THE GRIEVING VOTE: WIDOWHOOD, COMPASSION & THE 2020 ELECTION

By Crescent Dragonwagon

“Her first husband died in a workplace accident when she was 24 and pregnant with their second child.  ‘Becoming a young widow changed my life,’ she said.”

Suddenly, reading these words recently in the New York Times, sitting there at the old oak table in the kitchen, having breakfast, the hair on the back of my neck rose.

There are many reasons why this election has forced us to discuss empathy and compassion. Most are obvious.

But one less obvious factor is this: widowhood, and the grief and altered circumstances it brings, have shaped certain candidates.

She, in the quote above, is Theresa Greenfield, the centrist Democrat running in the Iowa Senate race, challenging incumbent Joni Ernst, the pro-Trump Republican.

“I didn’t have any way to pay my bills,” Theresa Greenfield continued to the Times. She kept her family going, after her sudden widowhood, on Social Security survivor benefit payments. Greenfield — a self-described “pretty dang scrappy young farm kid,” never forgot how close she came, how precipitous her drop towards poverty, right in the middle of grief and loss, had been.

And she never forgot what saved her. Her website, unsurprisingly given this, reiterates her deep commitment to Social Security and health care.

Widowhood and grief are often, too often, an environment in which empathy and compassion grow.

It’s something like: if the unthinkable could happen to me, a good, responsible, kind, hard-working person, who followed the rules of decency — it could happen to anyone.

Once you know this first hand, you are changed. In your relationship to others, and to the world.

How could a loss so profound and dimensional do otherwise? We may find we are kinder towards others, and more understanding, by far, of just how outrageous fortune may be, and how extremely unpredictable and cruel its slings and arrows sometimes are.

Of course, Theresa Greenfield is not the only candidate shaped by widowhood, grief and altered circumstances.

I give you Joe Biden.


That Joe Biden was widowed young is something I thought everyone knew. But I was wrong. Just the other day, talking to the young woman who cuts my hair, I learned she had no idea of how loss has dogged and sculpted the candidate’s life.
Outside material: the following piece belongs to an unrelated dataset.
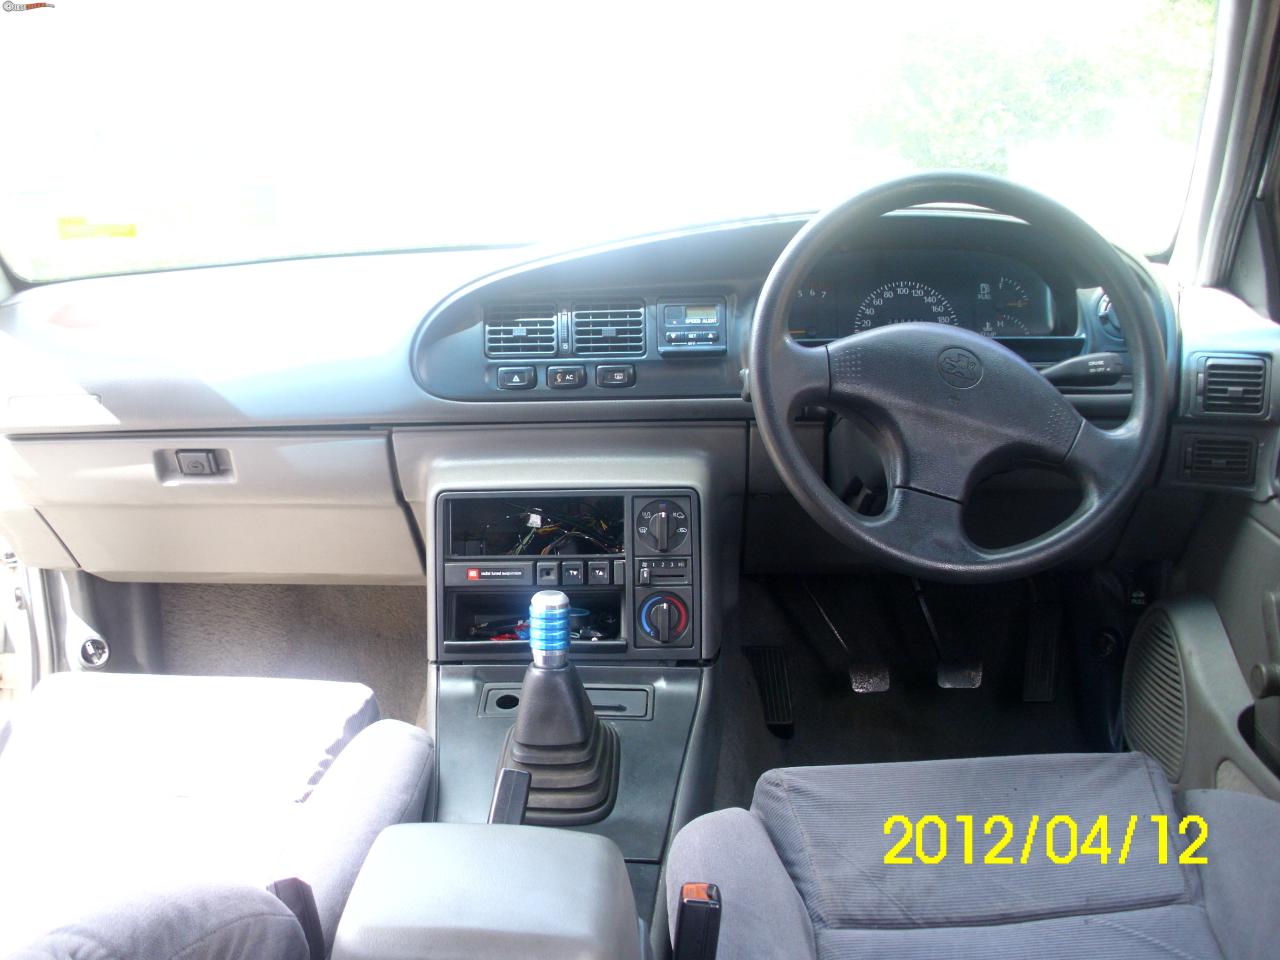 1995 Holden Commodore Vr

I told her what I knew, and went home to read further.

The 2019 AP story titled “A public man, shaped by private grief”  begins with a 1972 scene straight out of Hallmark: the 30-year-old Bidens, the new senator-elect and his wife Neilia, are sitting around the fireplace in their Delaware living room. It’s about six weeks since Joe won the senate race, and a week before Christmas. Neilia’s addressing Christmas cards, and listening to Joe dream aloud about his recent win, and what he plans and hopes for in the life he’s about to begin as a public servant.

But then Neilia interrupts him. ‘What’s going to happen, Joey?” she asks her husband, Biden later recalled. ‘Things are too good.’ “


The next day, Biden took the train to Washington, getting a jump on setting up his new office. His phone rang.
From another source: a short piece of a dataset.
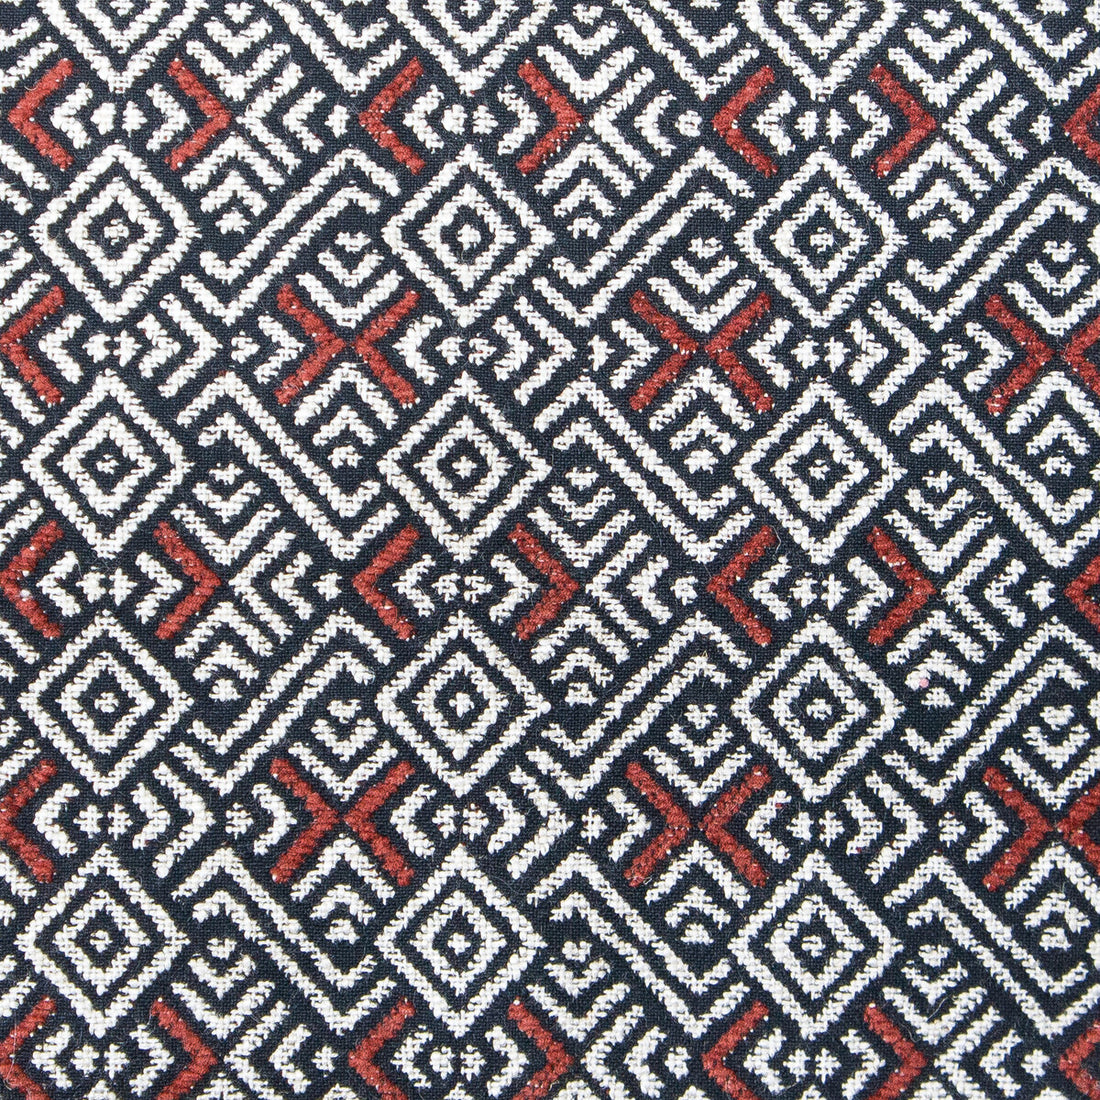 Inca fabric in rojo color - pattern GDT5567.004.0 - by Gaston y Daniela in the Gaston Nuevo Mundo collection

Neilia and the couple’s three children had gone out to select a Christmas tree, and their car was broadsided by a tractor-trailer.  Their sons, Beau, 4, and Hunter, 3, were seriously injured. And Naomi, the couple’s 13-month old daughter, was dead. And so was Joe’s beloved wife, Neilia.

Just like that.

“I began to understand how despair led people to just cash it in; how suicide wasn’t just an option but a rational option,” Biden wrote in Promises to Keep, his 2008 memoir. But looking at his two surviving sons, Biden wrote, he wondered “… who would explain to my sons my being gone, too. And I knew I had no choice but to fight to stay alive.”

His sleep, of course, was fitful, and in it, Biden writes, he was sometimes, “aware of the dim possibility that I would wake up… and this would not have happened. But then I’d open my eyes to the sight of my sons in their hospital beds — and it was back…Most of all I was numb, but there were moments when the pain cut through like a shard of broken glass. Except for the memorial, I stayed in the hospital room with my sons. My life collapsed into their needs. If I could focus on what they needed minute by minute, I thought I might stay out of the black hole. ”

What widow or widower — most especially those who suddenly lose a spouse with whom they were deeply in love,  and are left to be the sole provider for young children  — does not recognize this?

“My future was telescoped into the effort of putting one foot in front of the other. The horizon faded from my view,” Biden continues.” Washington, politics, the Senate had no hold on me. I was supposed to be sworn into the Senate in two weeks, but I could not bear to imagine the scene without Neilia.”

He considered resigning the Senate seat he had just won, but, at his colleagues’ urging, agreed to stay on for six months.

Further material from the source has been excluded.